▸ Task to complete: Starting with the line that holds "Adrien Rabiot of" and stopping after the line that holds "AVCS Clariant - TEXTgehext Ellen Haubrichs", repeat the lines below word for word, without the pictures.

▸ Record extracts:
Segment Open
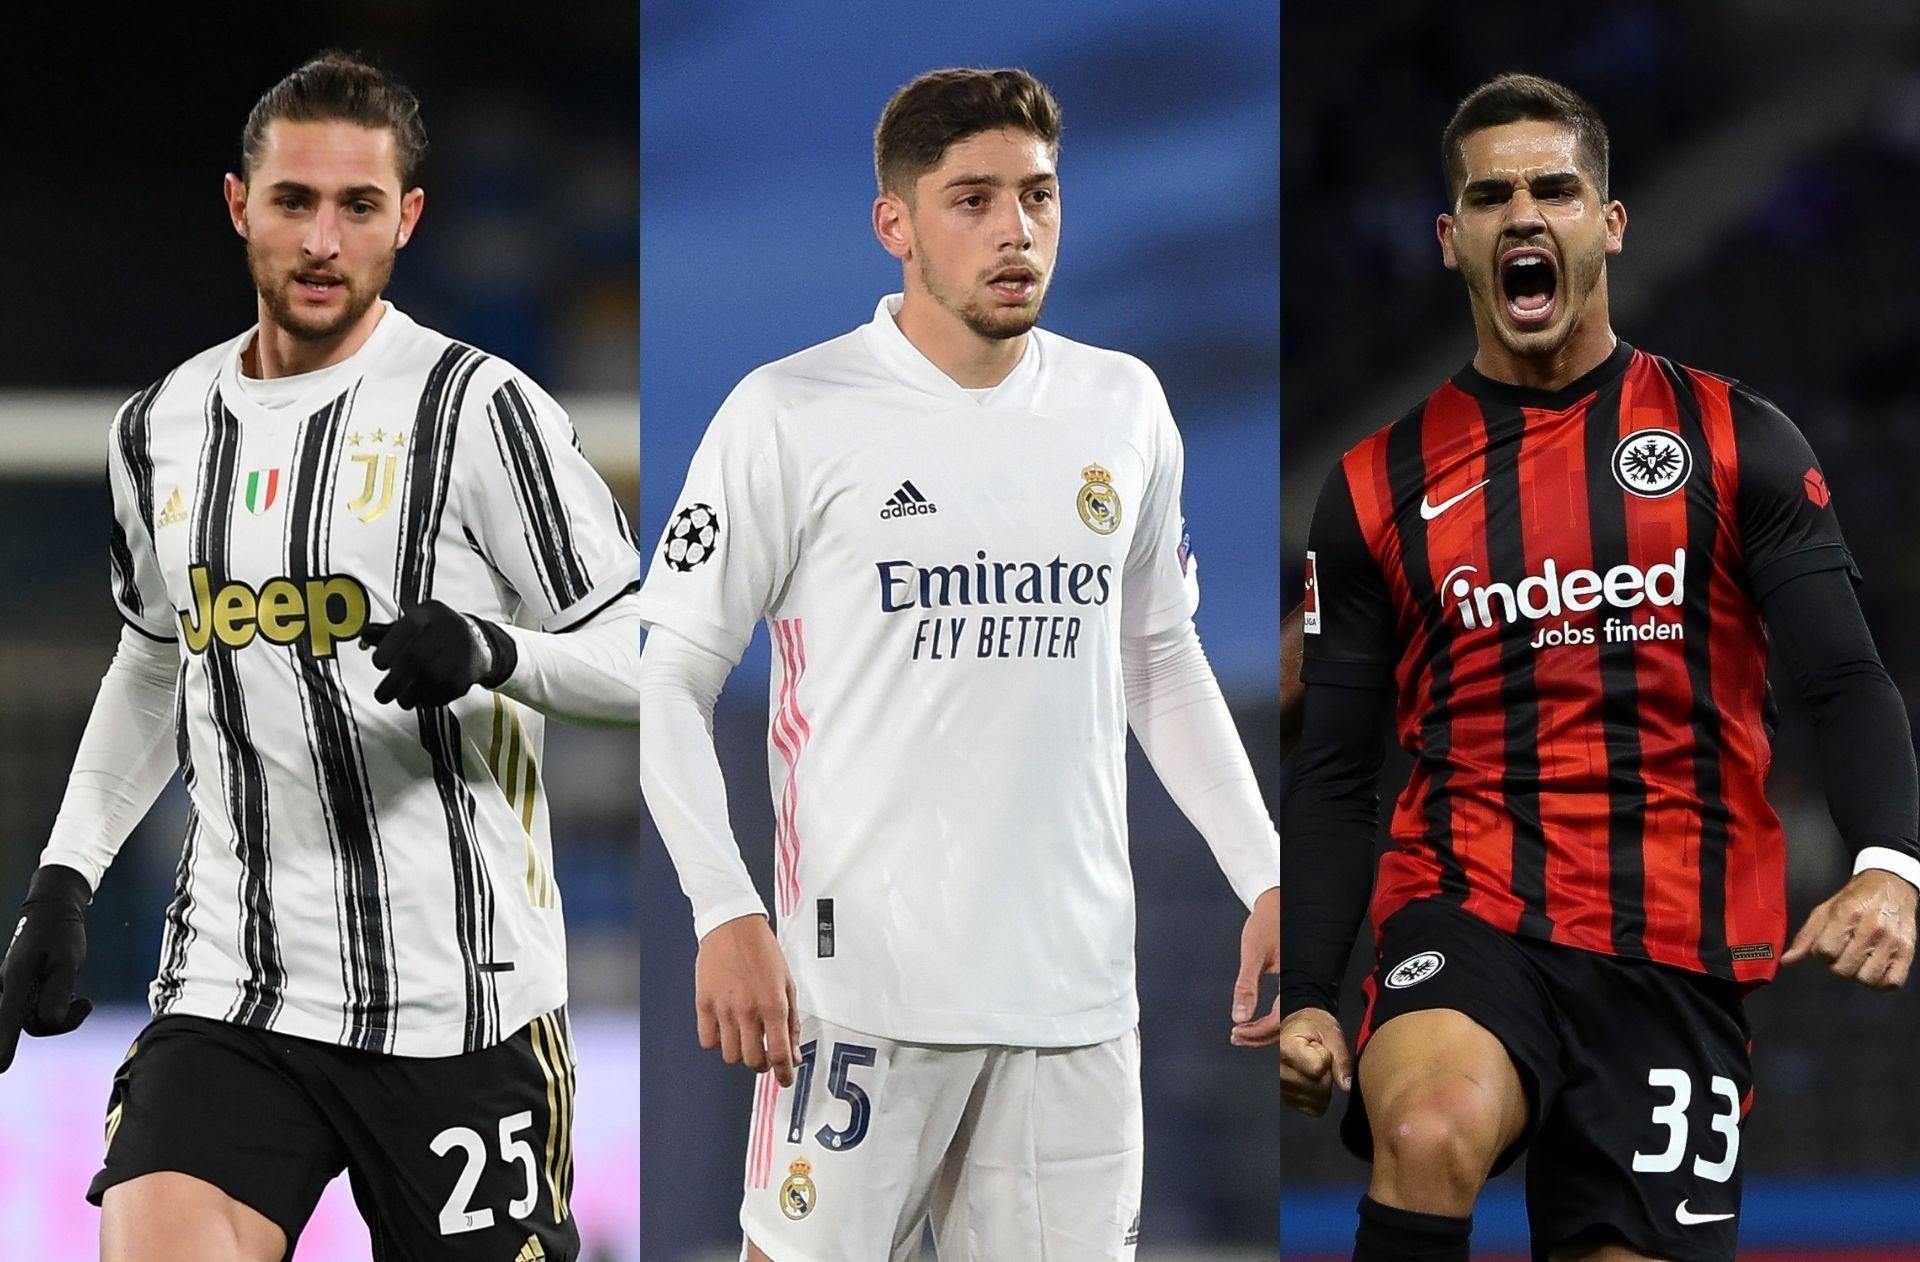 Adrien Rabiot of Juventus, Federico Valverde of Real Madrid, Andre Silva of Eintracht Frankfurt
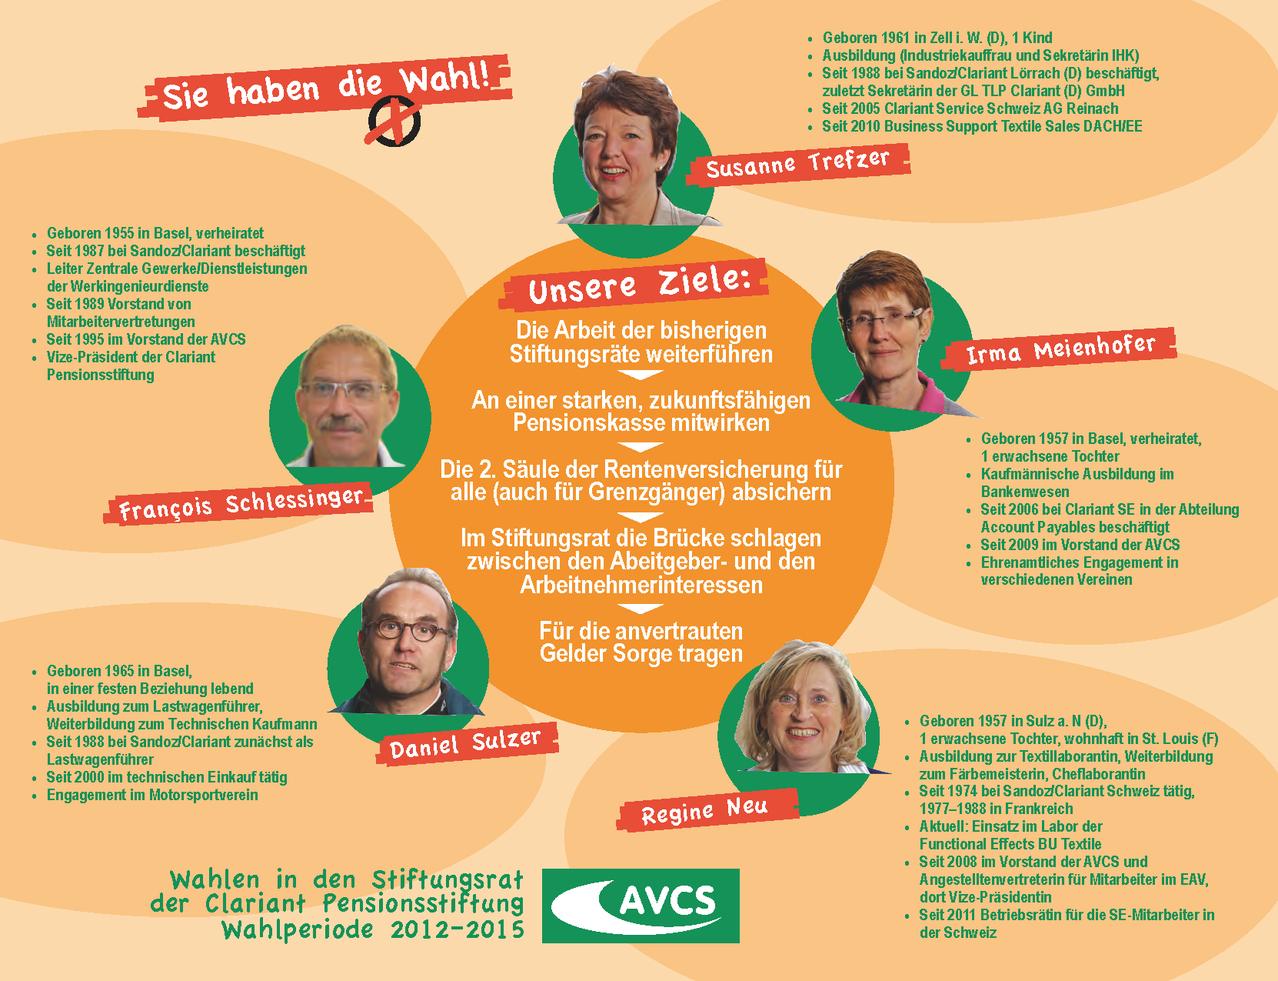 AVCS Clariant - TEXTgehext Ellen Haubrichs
Segment Closed
Segment Open
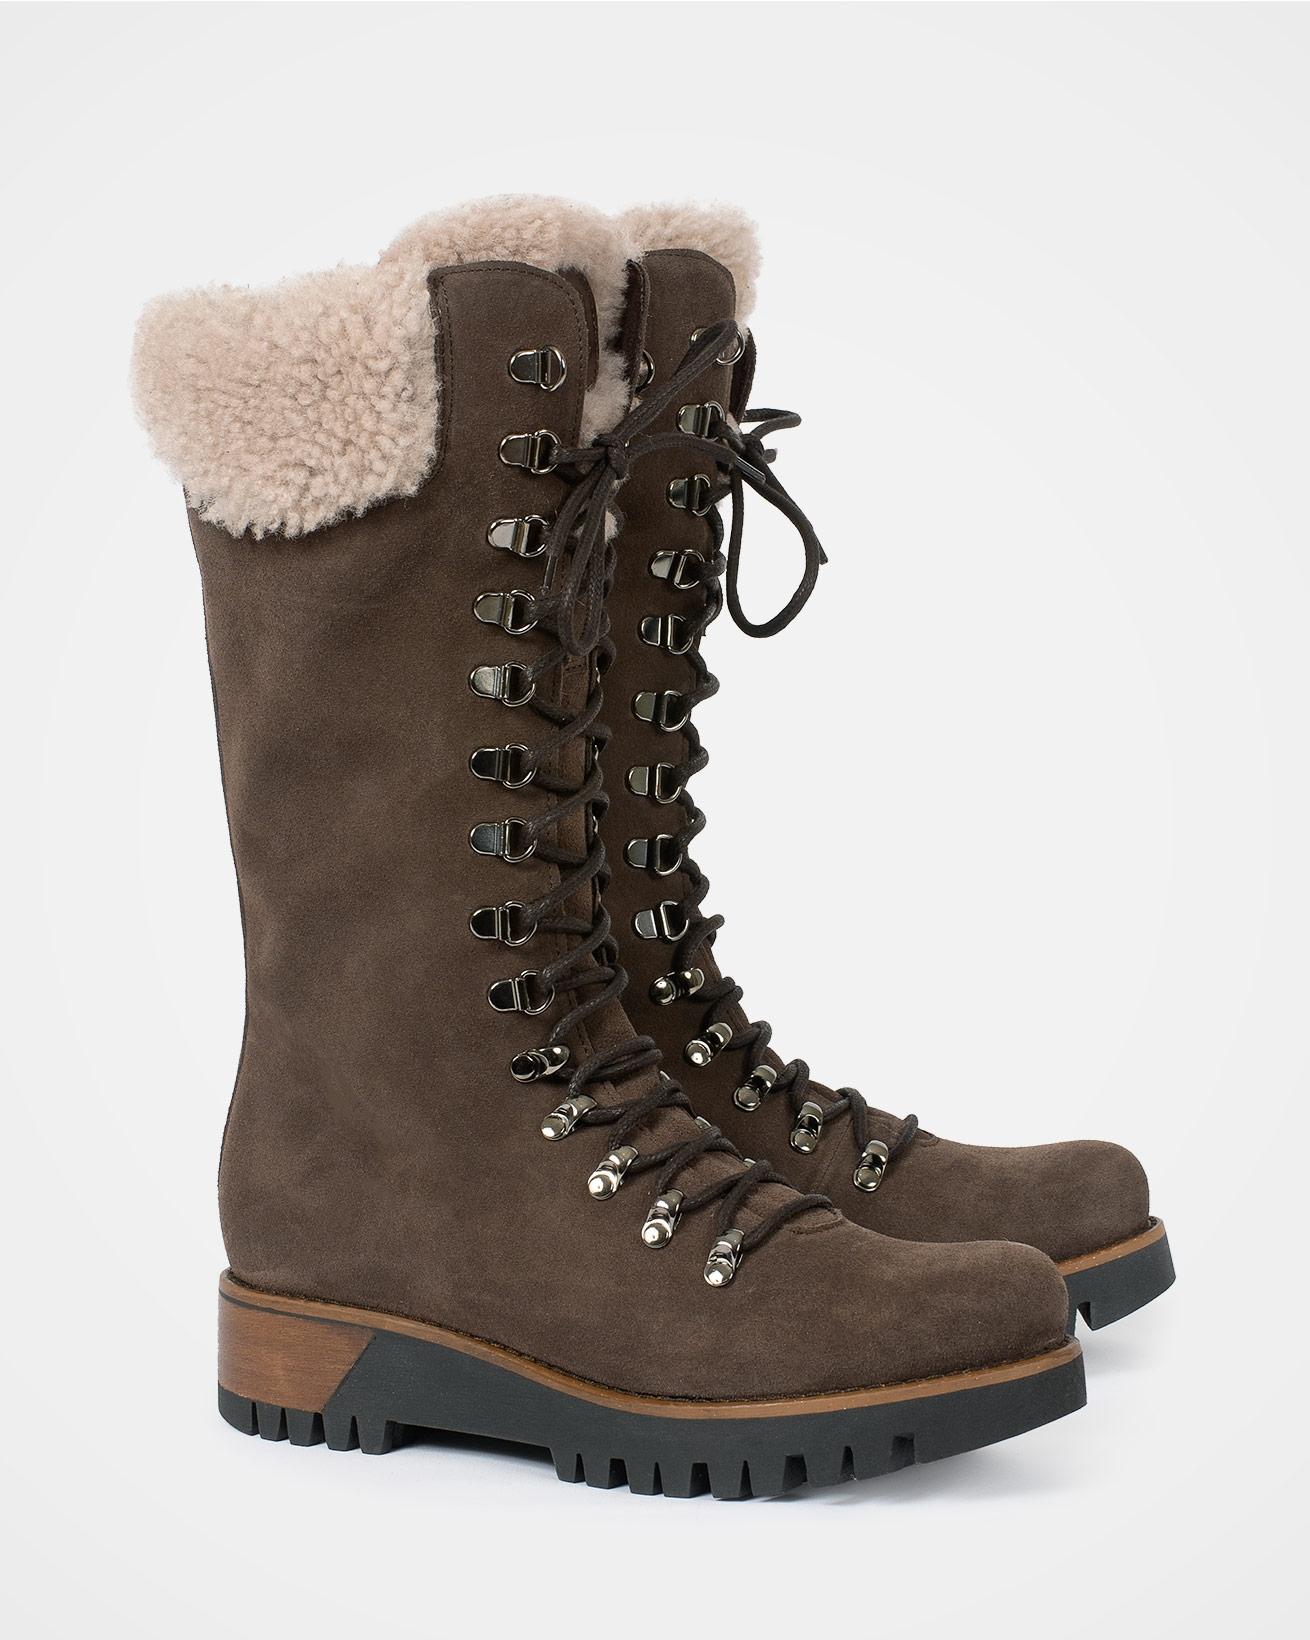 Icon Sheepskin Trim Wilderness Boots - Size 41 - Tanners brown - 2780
Segment Closed
▸ Your solution:
 Adrien Rabiot of Juventus, Federico Valverde of Real Madrid, Andre Silva of Eintracht Frankfurt
 AVCS Clariant - TEXTgehext Ellen Haubrichs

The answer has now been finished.